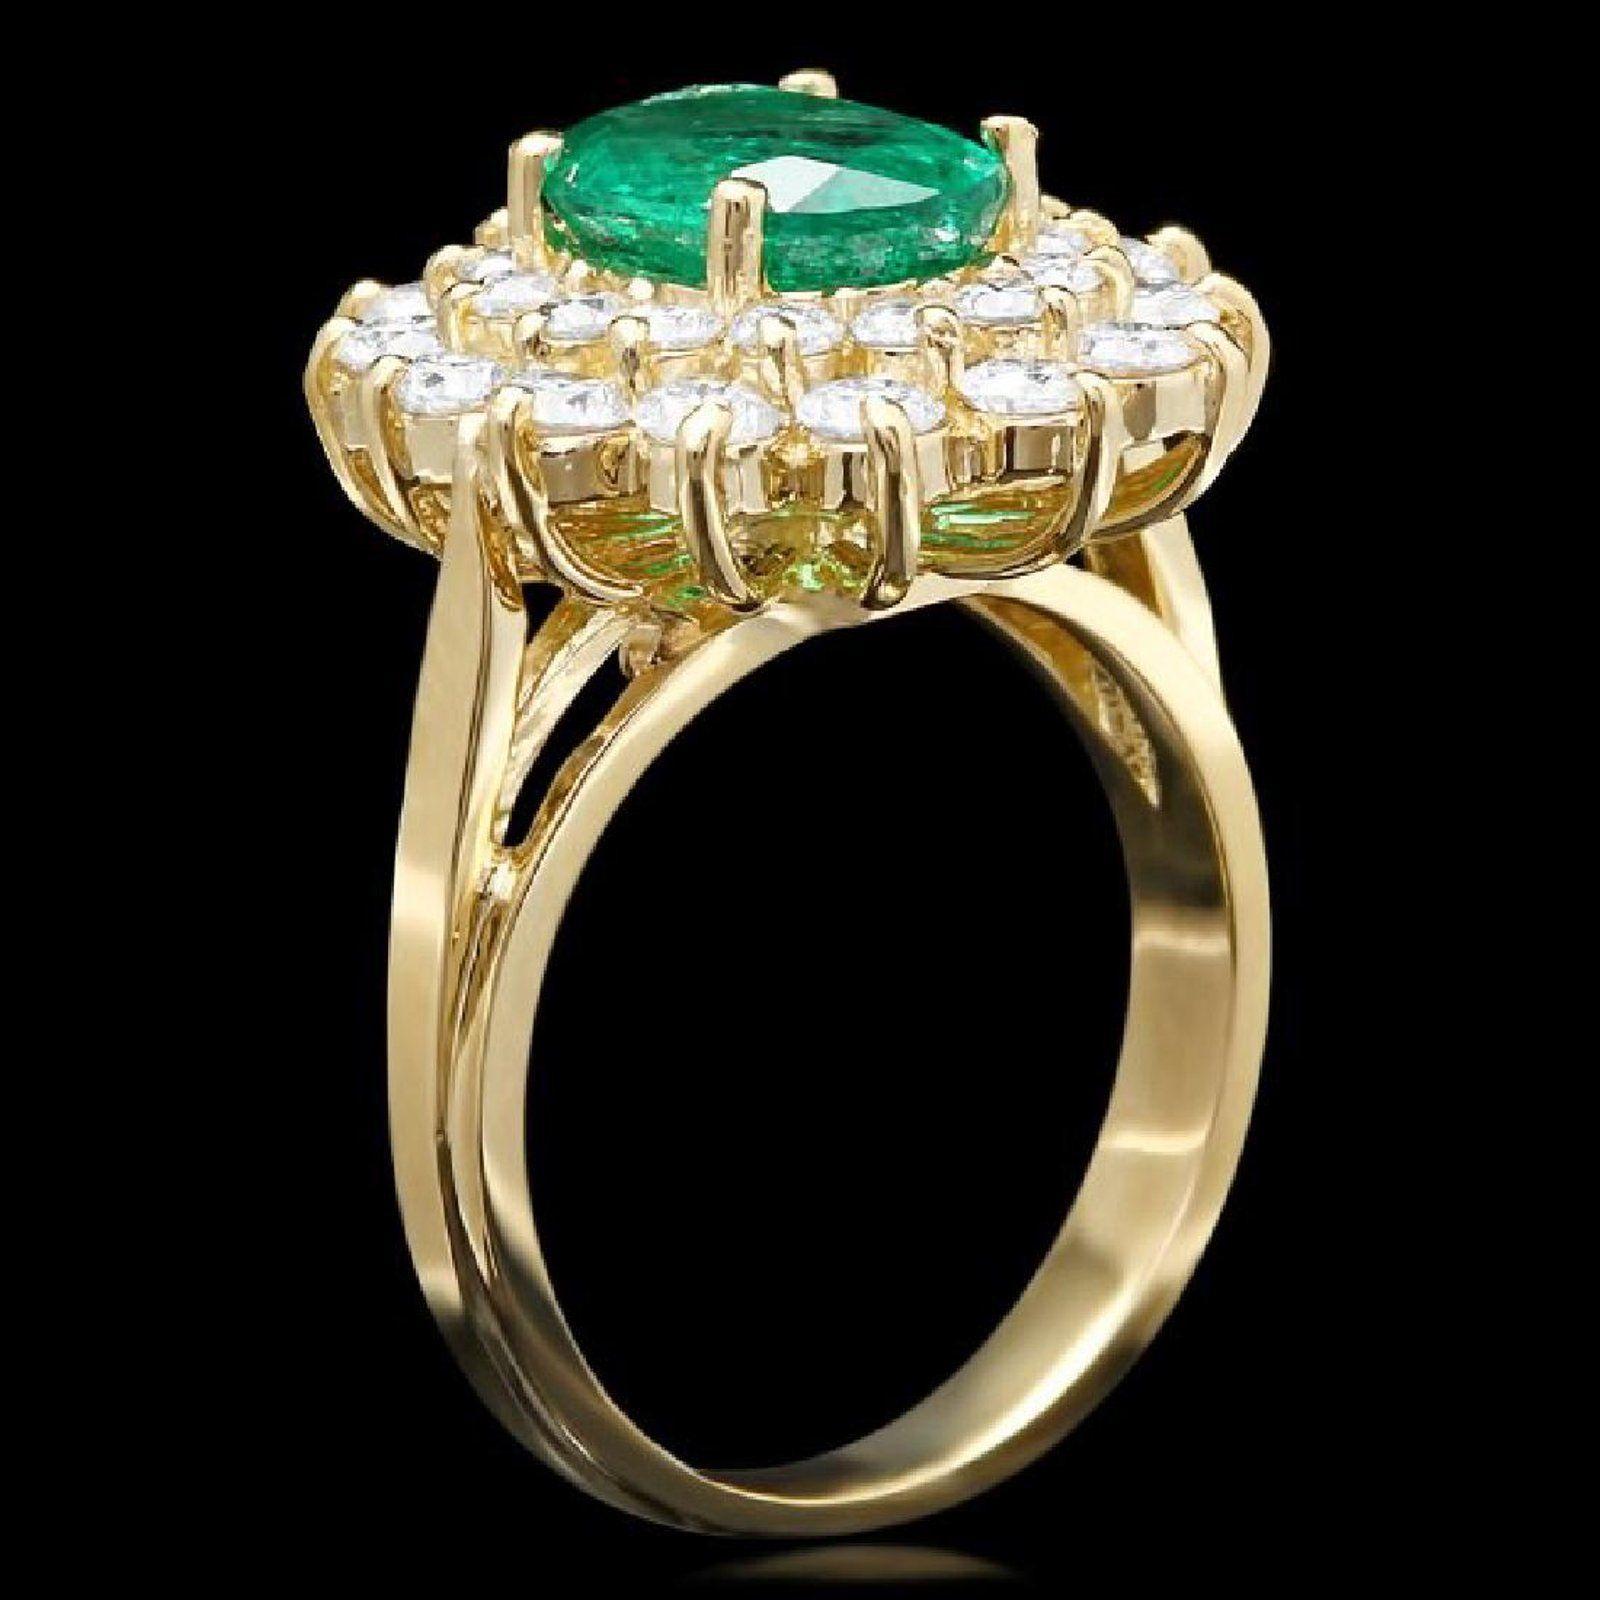 3.50 Carats Natural Emerald and Diamond 14K Solid Yellow Gold Ring

Total Natural Green Emerald Weight is: Approx. 2.00 Carats (transparent) (Oil Treated)

Emerald Measures: Approx. 9.00 x 7.00mm

Natural Round Diamonds Weight: Approx. 1.50 Carats

----

▶ _REQUIREMENT_: Copy out only the lines from the one containing "Total Natural Green" down to the last line of the material, keeping both ends.

▶ _RESPONSE FOR THIS EXERCISE_:
Total Natural Green Emerald Weight is: Approx. 2.00 Carats (transparent) (Oil Treated)

Emerald Measures: Approx. 9.00 x 7.00mm

Natural Round Diamonds Weight: Approx. 1.50 Carats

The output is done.